Tentang sidang BK? Katanya akan diputuskan sanksi “pekan depan.” Selalu pekan depan. Republik ini memang jago menunda, bahkan urusan memutuskan sanksi pun ditarik-tarik sampai rakyat keburu lupa. Rakyat sudah muak, sudah geram, tapi politisi masih sibuk rapat, BK masih sibuk menata jadwal, dan Wahyudin sibuk mengucap maaf. Permintaan maafnya terdengar seperti lagu karaoke fals, “Saya menyesal, saya tidak sadar, saya tidak tahu direkam.” Tapi rakyat tahu, yang hancur bukan hanya reputasi, tapi juga sisa-sisa logika demokrasi.

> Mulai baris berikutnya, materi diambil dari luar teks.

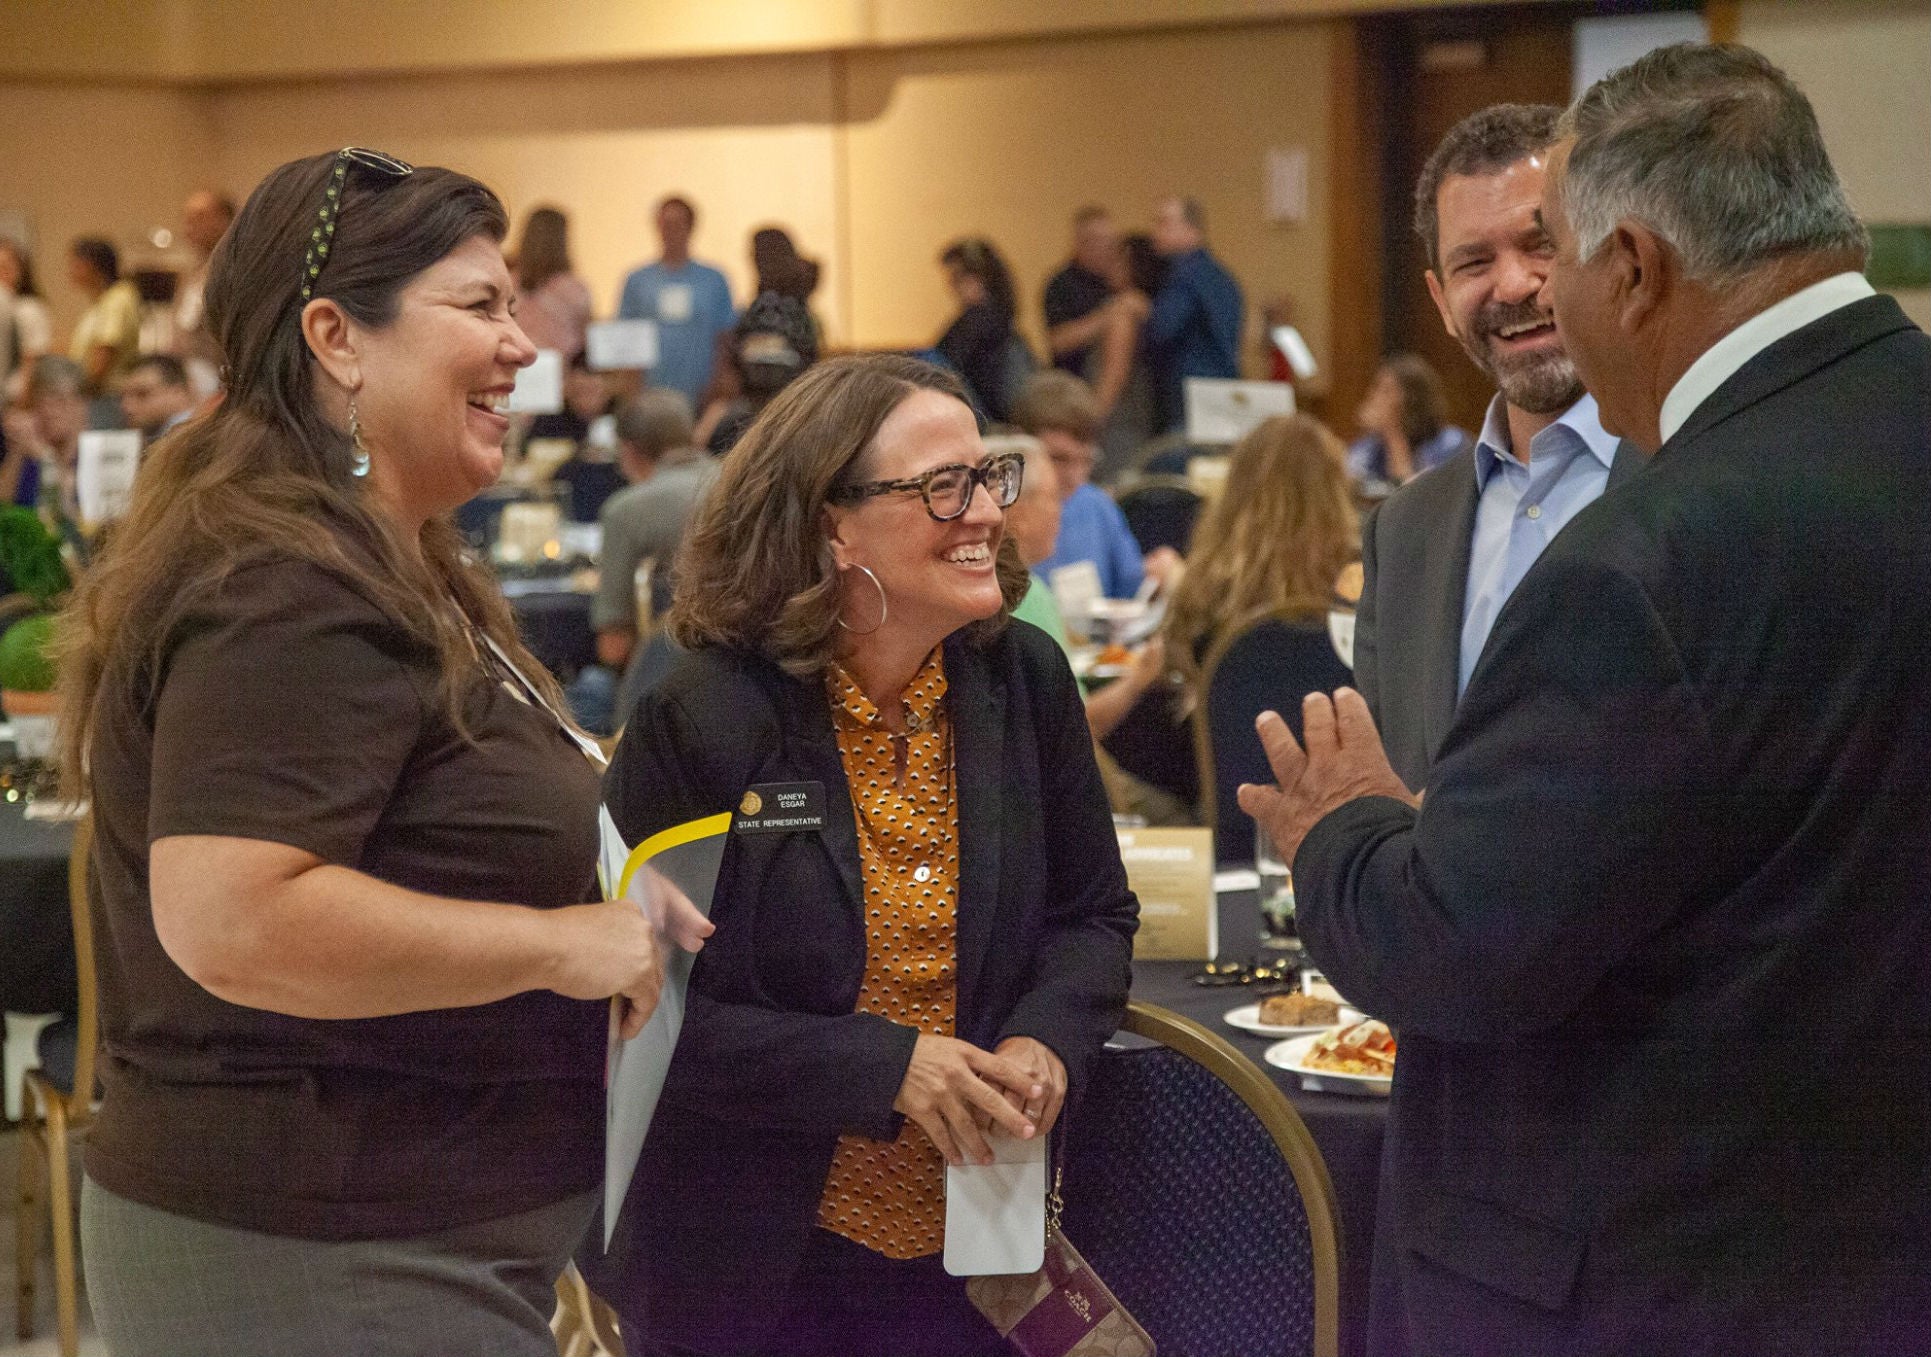 Tanya Kelly-Bowry (Vice President, Office of Government Relations), Representative Daneya Esgar (D-Pueblo) and Todd Saliman (CU Chief Financial Officer) chatting with CU Regent Glen Gallegos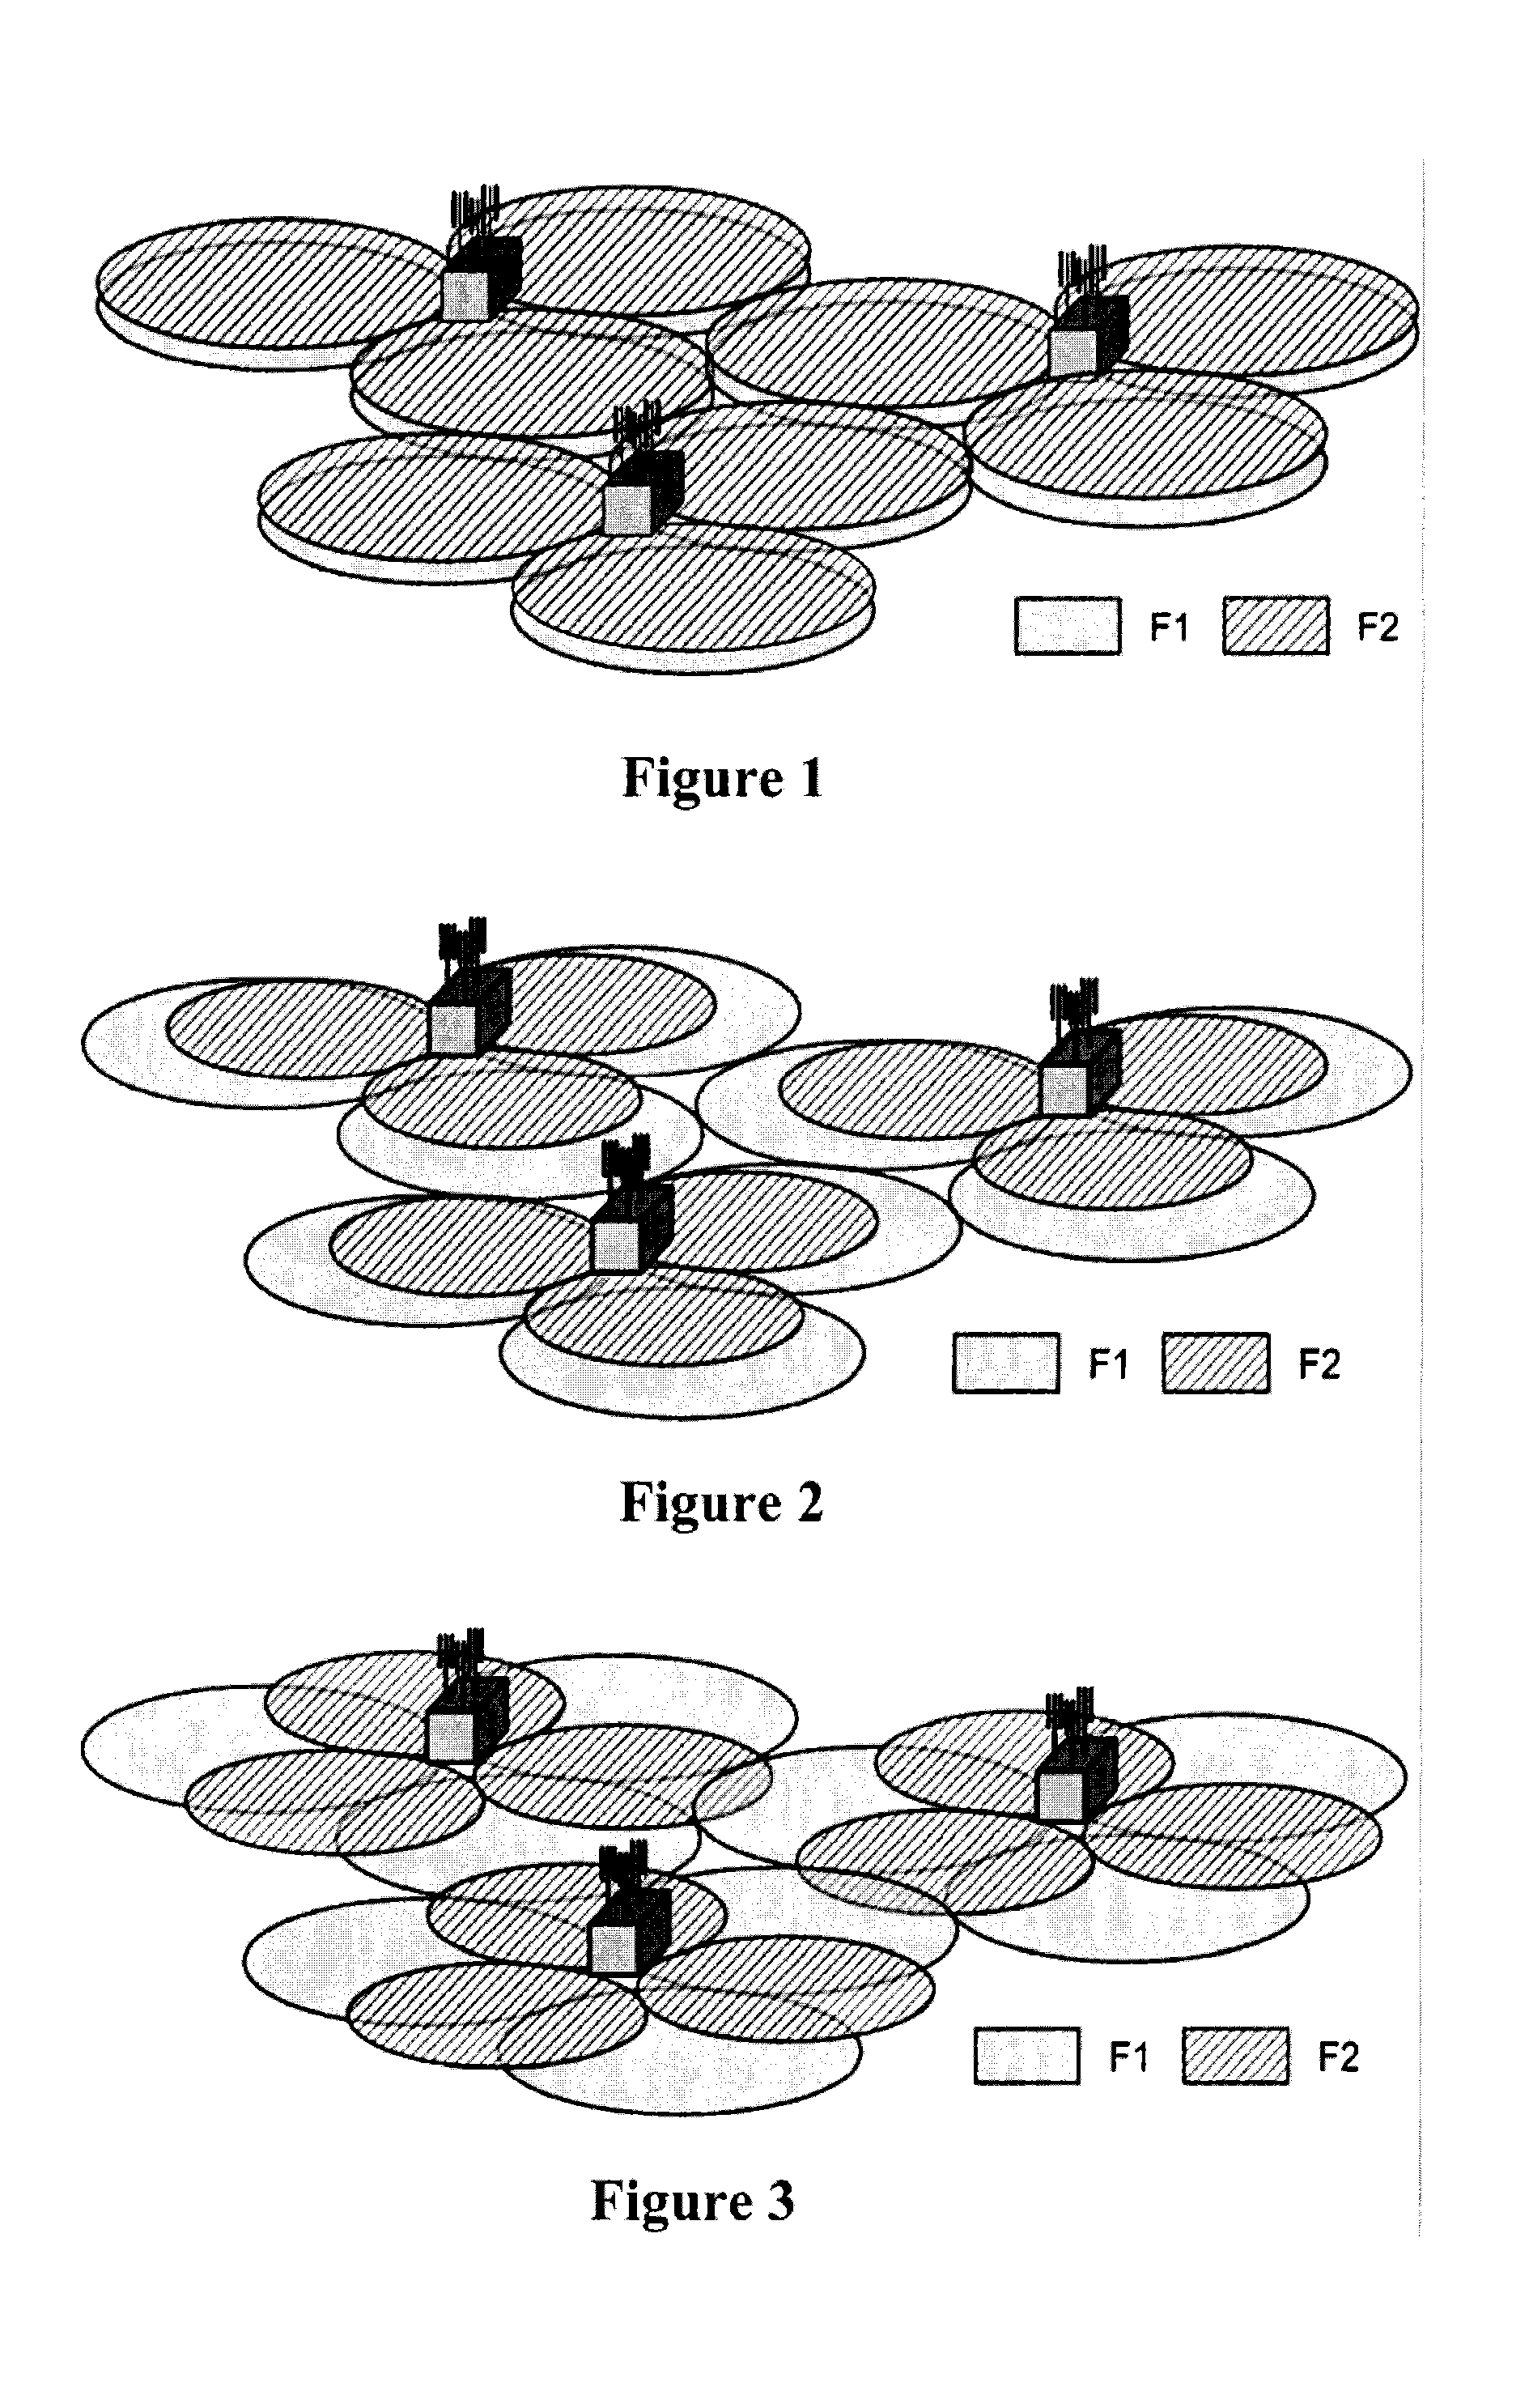 Method and device for activating and de-activating uplink of secondary cell of terminal

Akhirnya, ini bukan sekadar kasus individu, tapi cermin retak dari republik absurd. Seorang wakil rakyat dengan saldo minus, gelar sarjana hasil perjuangan, istri bernama Megawati Nusi, duduk di kursi terhormat DPRD, lalu mengajarkan rakyat cara merampok negara. Partai sibuk cuci tangan, BK sibuk sidang pekan depan, dan rakyat jadi penonton setia opera mabuk ini. Muak? Tentu. Geram? Pasti. Tapi jangan khawatir, babak berikutnya pasti segera muncul, karena negeri ini tidak pernah kehabisan badut politik.
“Bang, kalau warga Buton lapor polisi karena bupati hilang, boleh jadi inspirasi. Tapi, kalau wakil rakyat dari Gorontalo ini, sepertinya tak layak dicontoh.”